--- Exercise inputs Enclosed Below ---
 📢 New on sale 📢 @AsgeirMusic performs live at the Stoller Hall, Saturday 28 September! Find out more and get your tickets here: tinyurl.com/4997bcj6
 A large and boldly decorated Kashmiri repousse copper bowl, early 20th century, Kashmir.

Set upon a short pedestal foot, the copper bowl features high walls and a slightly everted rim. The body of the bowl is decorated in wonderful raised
--- End of Enclosed Exercise inputs ---
--- Exercise inputs Enclosed Below ---
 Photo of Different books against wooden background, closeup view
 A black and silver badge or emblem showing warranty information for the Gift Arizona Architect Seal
--- End of Enclosed Exercise inputs ---
Activity: In the listing above, find the line with "A large and" and the line with "Set upon a short", then print exactly those lines and every line between them.

The completed task:
 A large and boldly decorated Kashmiri repousse copper bowl, early 20th century, Kashmir.

Set upon a short pedestal foot, the copper bowl features high walls and a slightly everted rim. The body of the bowl is decorated in wonderful raised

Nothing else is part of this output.